About Paper & Glory
Paper & Glory is a space for slow thought and careful writing — for essays that notice, connect, and care. It’s about the humanities in their widest sense: history, feminism, culture, and the small acts of attention that shape how we understand the world.
It began as a simple idea: that thinking shouldn’t be confined to lecture halls or journals. The best ideas don’t always start with theory — they begin in the everyday places where people live and wonder. In kitchens and cafés, on buses, in hospital corridors and libraries — wherever someone is quietly asking why the world is as it is.
Here, scholarship meets storytelling. A medieval fragment can sit beside a modern reflection; a feminist essay beside a piece on pop culture or poetry. The goal isn’t to simplify big ideas, but to make them feel human — to show that intellect and empathy belong together.
Paper & Glory exists for those who believe the humanities still matter — not as a discipline, but as a way of paying attention. It’s for readers who can find meaning in a manuscript and a movie in the same breath, who see that the myths we once told aren’t so different from the ones on our screens now.
Our Editorial Ethos
Paper & Glory exists for writing that slows down — that listens before it argues, and connects before it concludes.
We believe that the humanities aren’t about having the last word, but about keeping the conversation going.
We value writing that:
- Balances intellect with empathy
- Speaks from somewhere, not nowhere
- Makes big ideas feel human
- Treats thought as a form of generosity
- Takes the humanities seriously without taking itself too seriously
Whether you write about the medieval world or modern womanhood, film, folklore, or family, Paper & Glory welcomes work that treats ideas as living things — not museum pieces.
We love essays that linger, questions that outlast their answers, and writing that takes its time.
Contact and Get Involved
If you’d like to contribute, collaborate, or just say hello, you can reach me at paperandglory@outlook.com
You can also keep up with everything Paper & Glory by:
- Reading new essays on the Blog
- Subscribing to In the Margins, the fortnightly newsletter about history, culture, and the art of paying attention
- Exploring The Folio, the quarterly digital magazine featuring long-form essays, fiction, and poetry
- Checking Get Featured for open calls and submission guidelines
Whether you’re here to read, write, or share your work, I’m glad you found your way here.
What You’ll Find Here
- The Blog — shorter essays, reflections, and pop-cultural criticism.

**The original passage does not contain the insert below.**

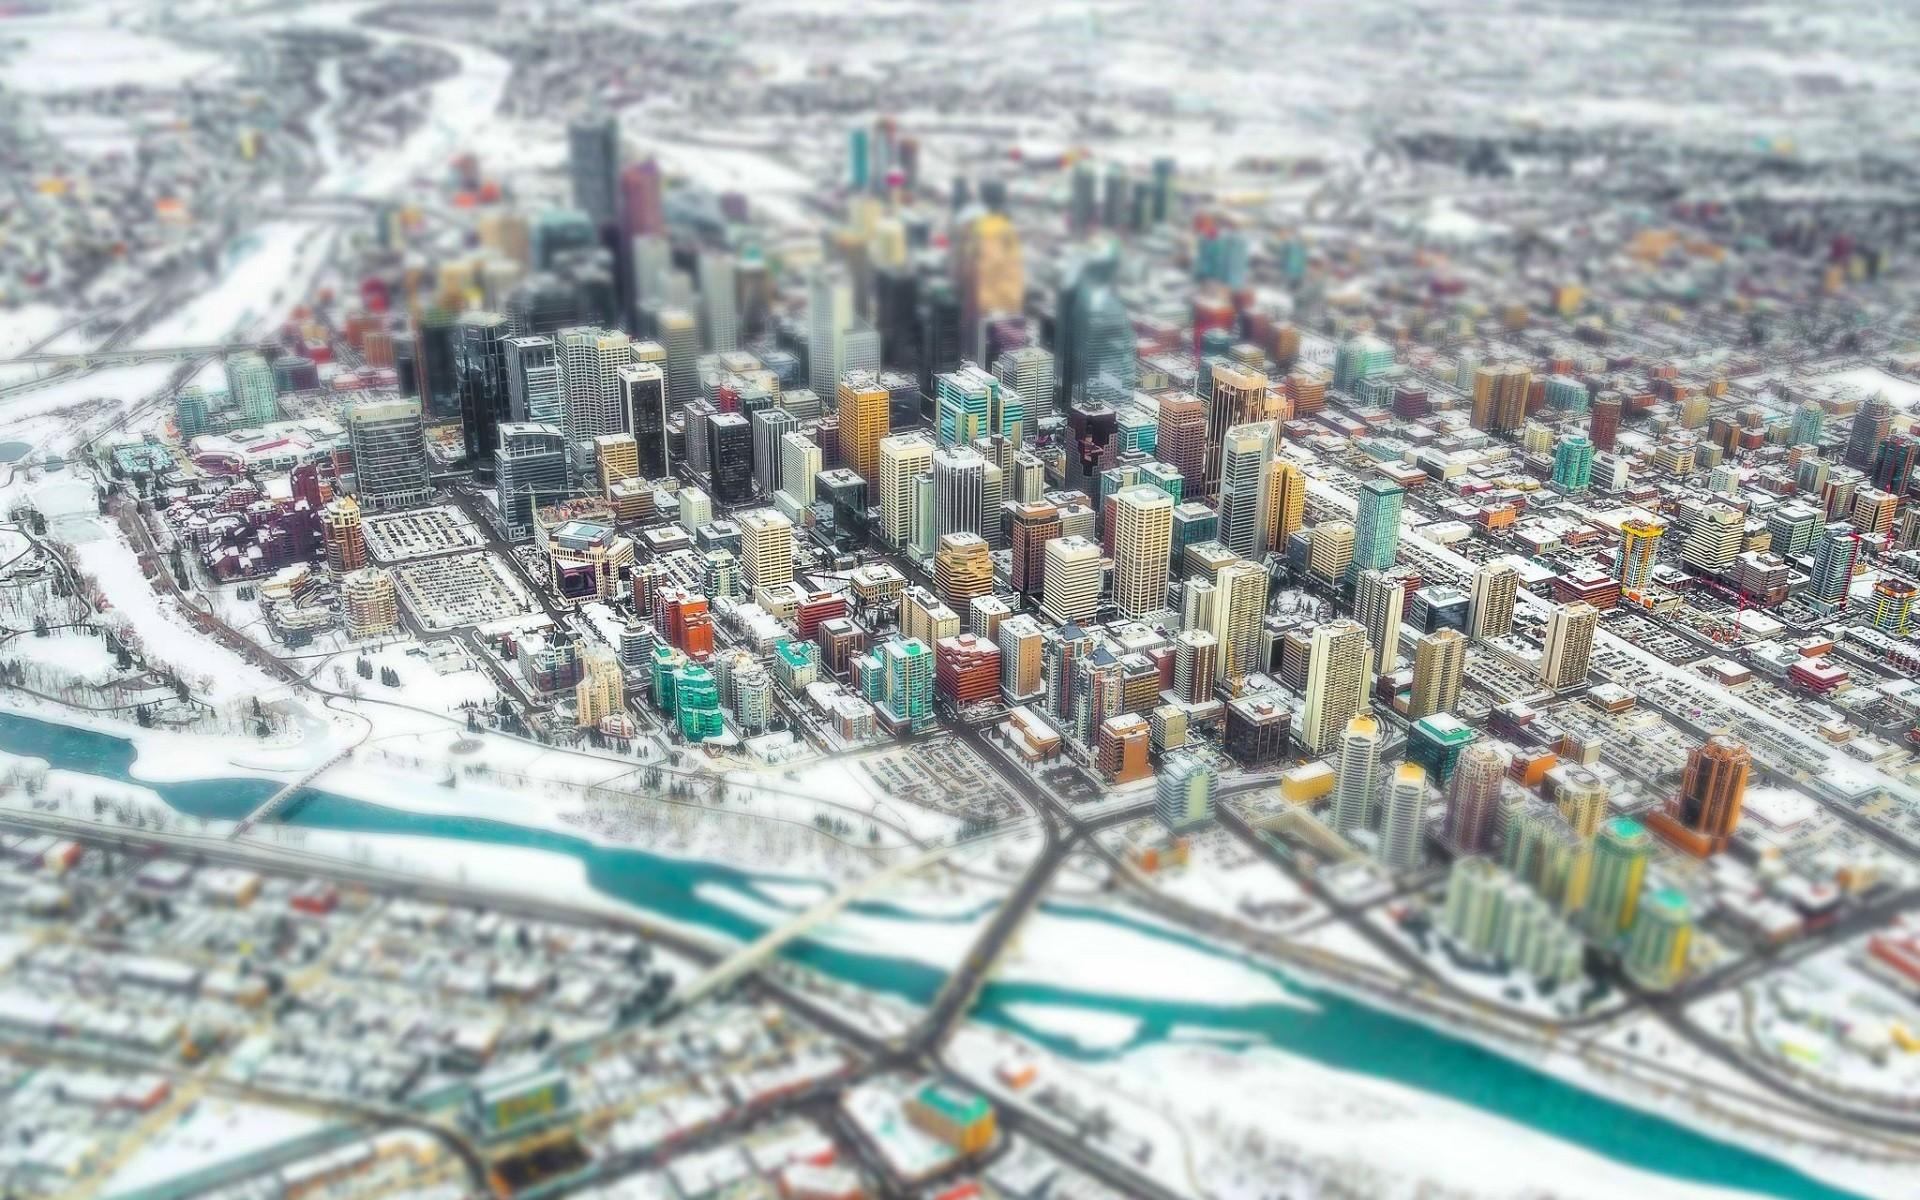 Canada, #building, #winter, #urban, #snow, #Calgary, #river

- In the Margins — a fortnightly newsletter about history, culture, and the art of paying attention.
- The Folio — a quarterly digital magazine of long-form essays, creative non-fiction, fiction, and poetry.
- Get Featured — open calls for guest essays and creative submissions.
Every part of Paper & Glory shares one belief: that the humanities belong to everyone — not just to those who can afford the time or titles to study them.
Why “Paper & Glory”?
Because the two things we chase — knowledge and meaning — are both fragile and luminous.
Paper for the physical act of writing, the record, the trace left behind.
Glory for the fleeting spark of understanding, that moment when something ordinary suddenly makes sense.
Together, they remind us that even the smallest act of thought — a note, a paragraph, a question — can hold a kind of grace.
About the Editor
Hi, I’m Eve, the editor and founder of Paper & Glory. I’m a humanities student with a particular interest in the early medieval World and its connections to the wider world — from the North Sea to the Mediterranean and beyond. My research sits at the crossroads of history, literature, and material culture, tracing how ideas, stories, and artefacts travelled — and how they shaped the ways people understood identity, faith, and belonging.
But my work also lives outside the archive. I write about feminism, class, and modern culture, and how the echoes of the past still move through the ordinary corners of everyday life — in language, landscape, and the stories we tell about ourselves. Sometimes that means exploring pop culture and media — the mythic weight of modern icons, the politics of “girlhood” in music and film, or why a Netflix series or fantasy saga can say as much about us as a medieval chronicle.
For me, history isn’t something static or distant; it’s something we carry with us, often without realising.
I founded Paper & Glory because I wanted to make space for the kind of thinking that doesn’t always fit neatly into academic categories — a space where the humanities could breathe. Where essays don’t need to be formal to be thoughtful, and where intellect can sit comfortably beside empathy, humour, and vulnerability.
I believe that good writing listens before it argues; that the best ideas are born in conversation, not isolation; and that the humanities should feel alive — not locked away behind paywalls or jargon.
When I’m not writing, I’m usually swimming, reading, or volunteering with local heritage projects, from community archaeology to youth engagement. Those moments — standing in a ruined abbey, or watching a child uncover their first pottery shard — remind me why I study the past in the first place: because it belongs to all of us.
Paper & Glory is my way of keeping that connection alive — a place for slow thought and quiet care, where the past meets the present, and meaning grows out of attention.